**Extracted records:**
☆ ☆ ☆ ☆
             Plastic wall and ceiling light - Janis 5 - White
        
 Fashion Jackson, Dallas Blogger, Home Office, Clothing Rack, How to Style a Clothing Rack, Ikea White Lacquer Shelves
☆ ☆ ☆ ☆
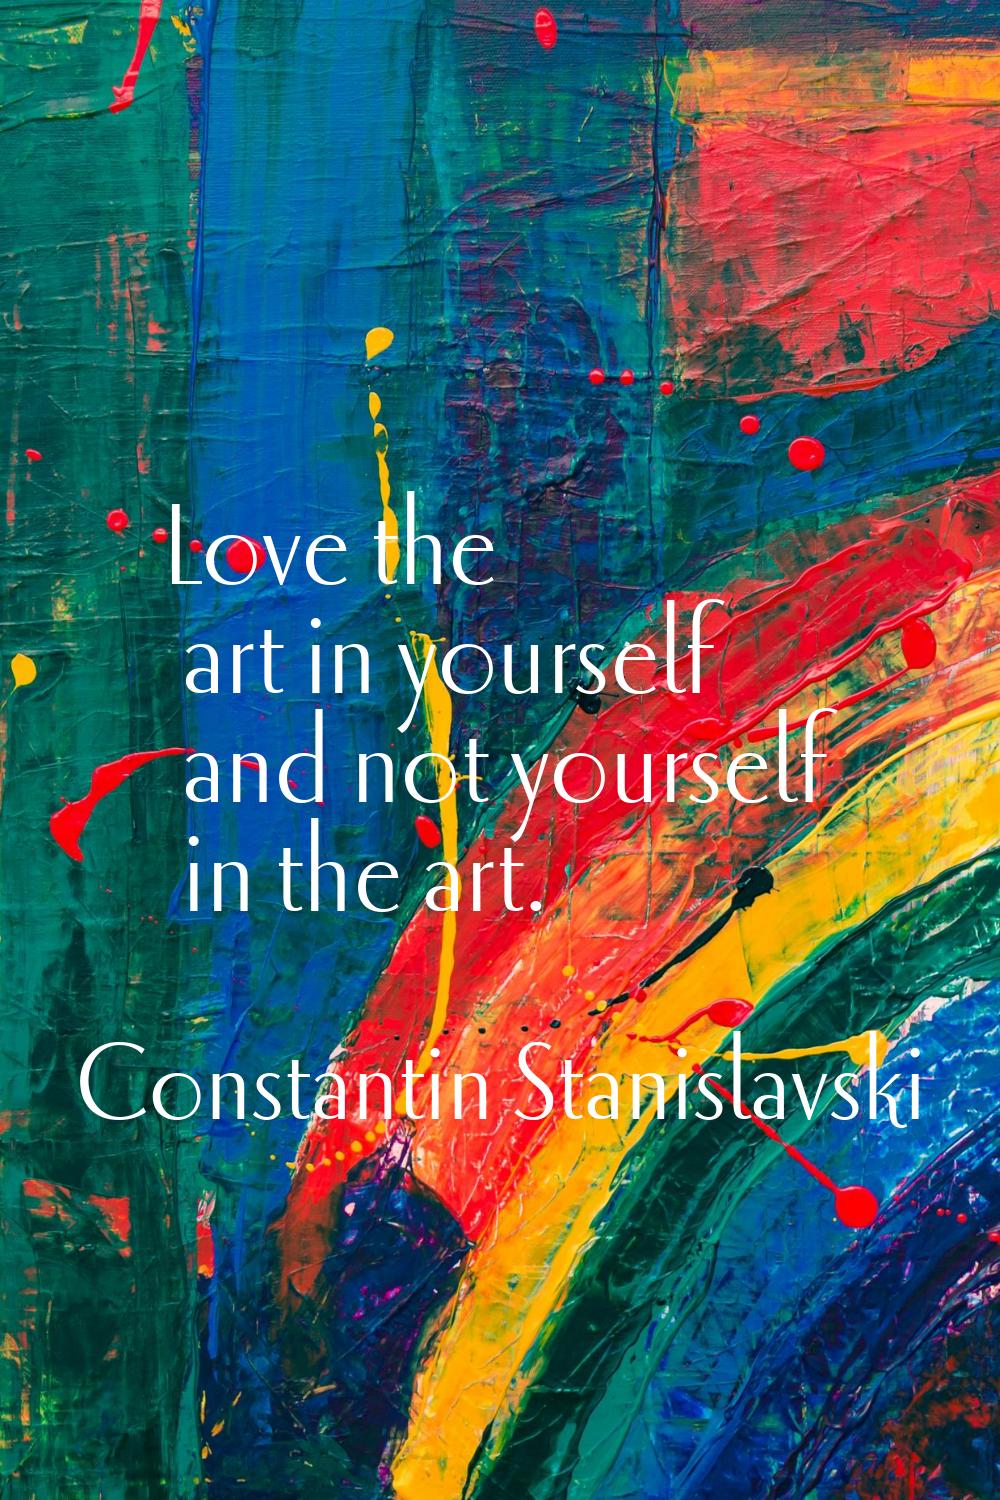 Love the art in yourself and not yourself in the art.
☆ ☆ ☆ ☆
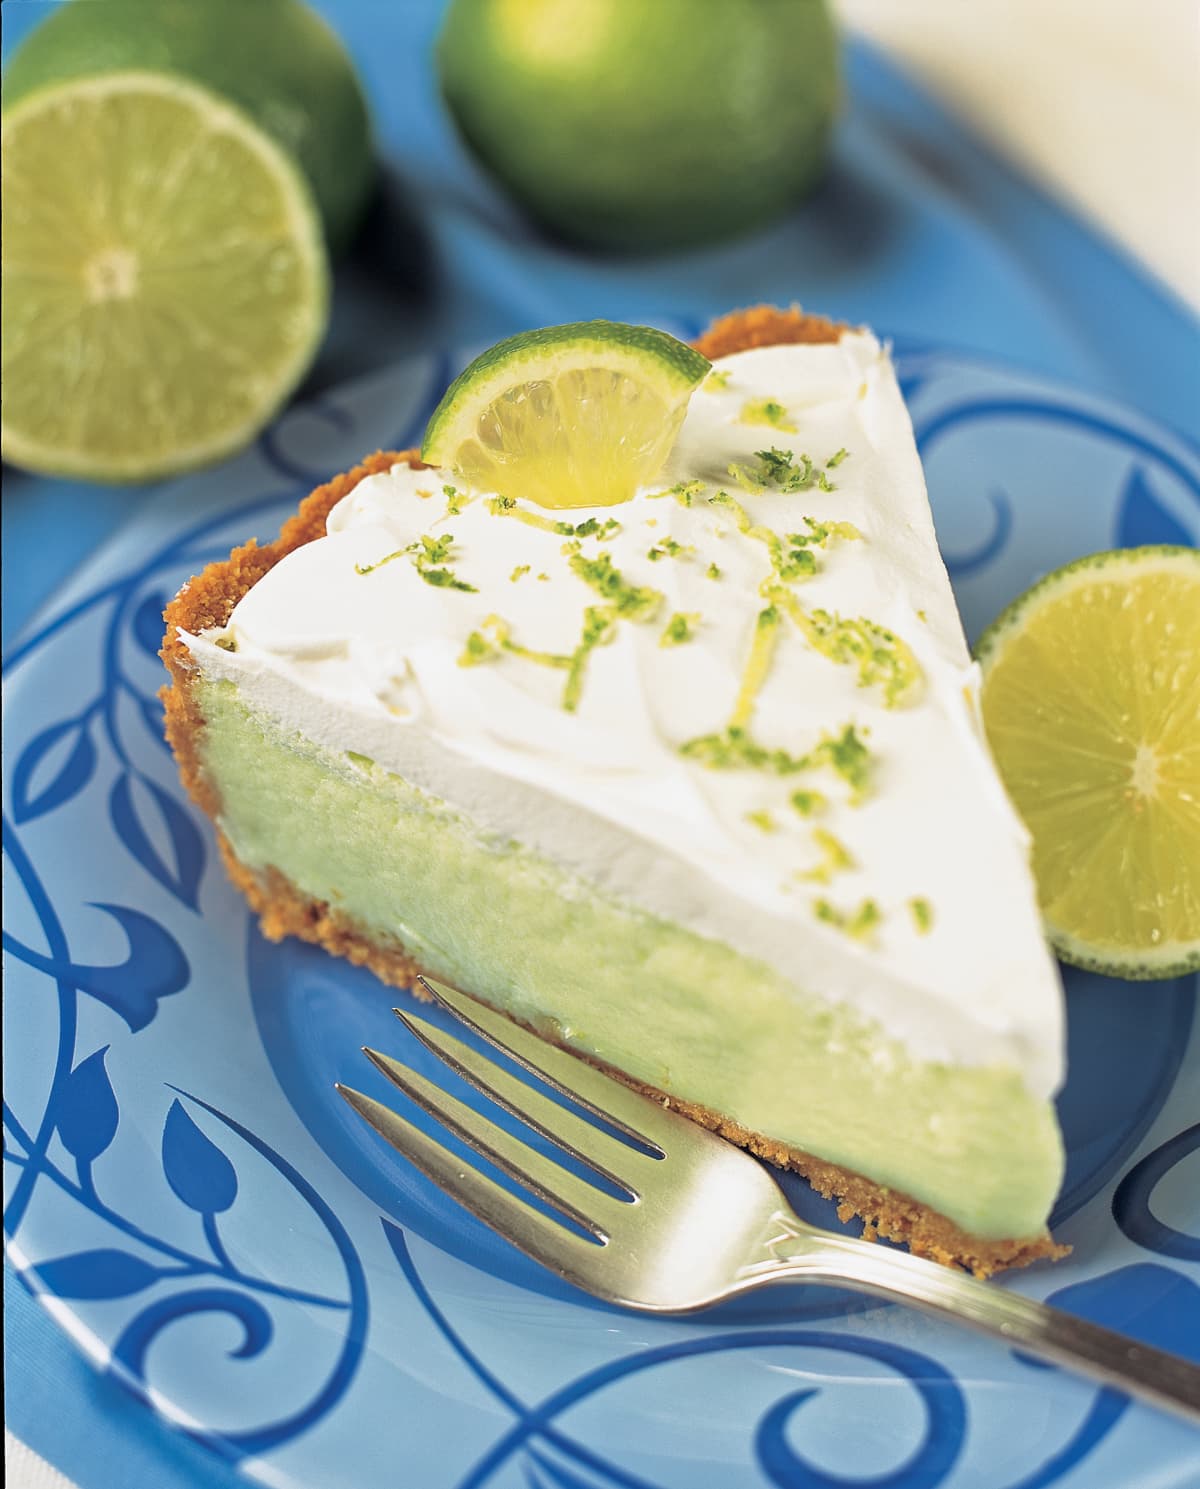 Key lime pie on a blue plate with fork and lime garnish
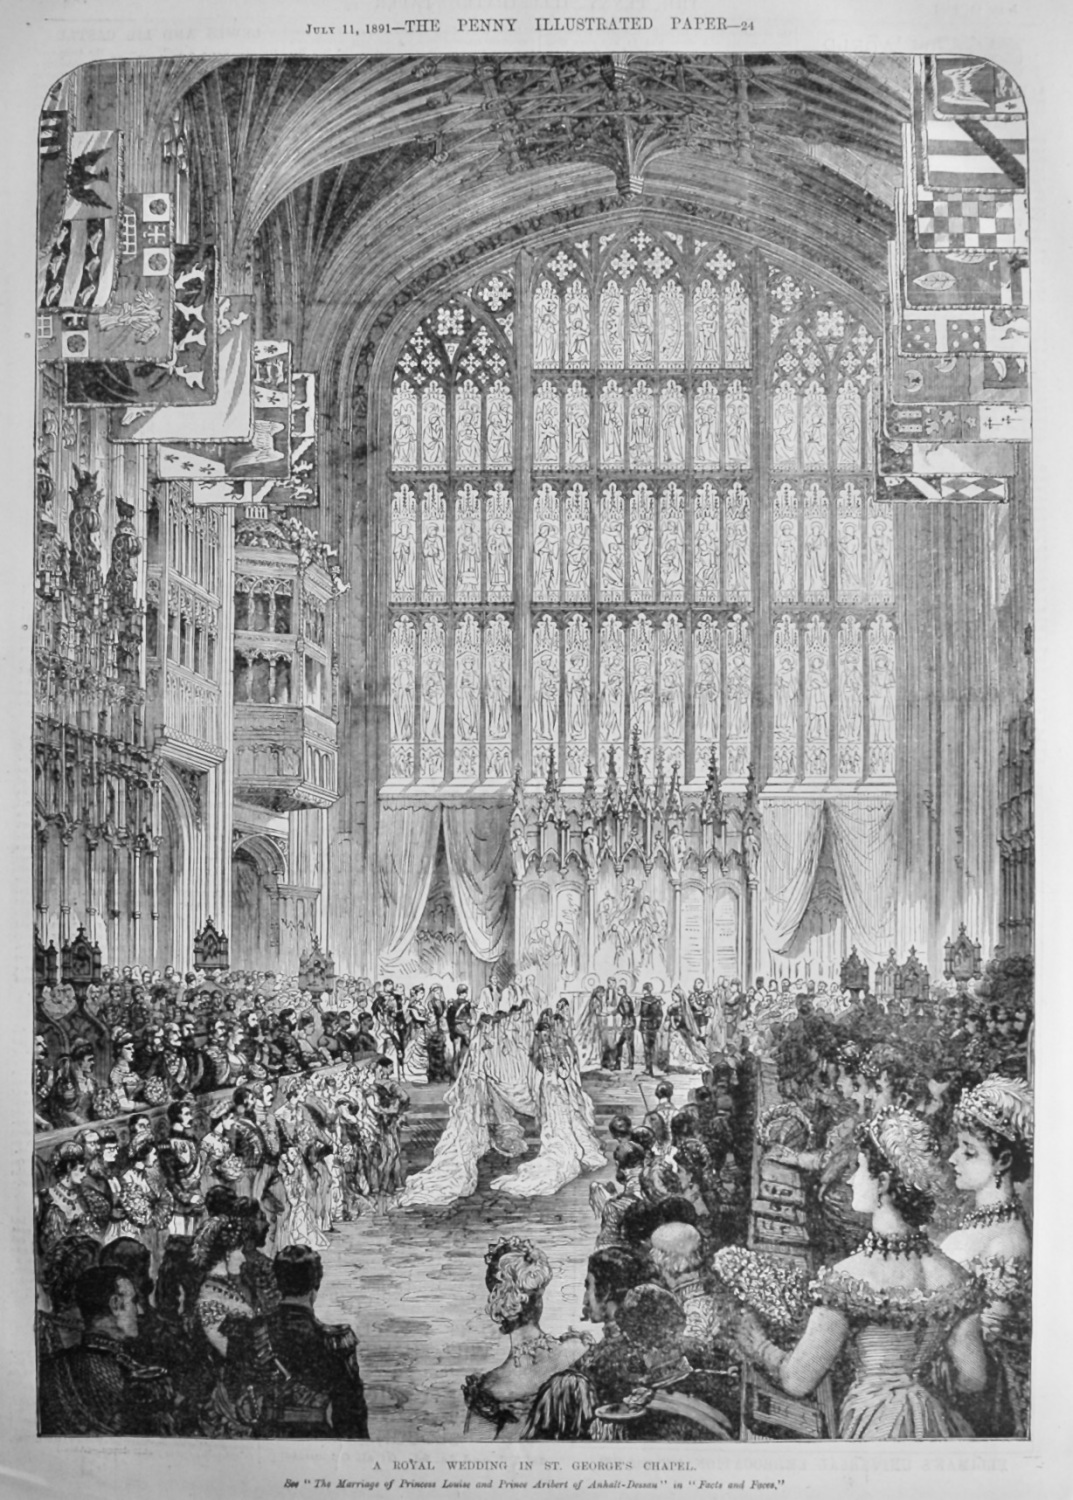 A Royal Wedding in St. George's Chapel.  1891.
☆ ☆ ☆ ☆
As listed above, the lines from the line with "Plastic wall and" to the line with "Fashion Jackson, Dallas" are to be echoed exactly, with both ends included and nothing added.

             Plastic wall and ceiling light - Janis 5 - White
        
 Fashion Jackson, Dallas Blogger, Home Office, Clothing Rack, How to Style a Clothing Rack, Ikea White Lacquer Shelves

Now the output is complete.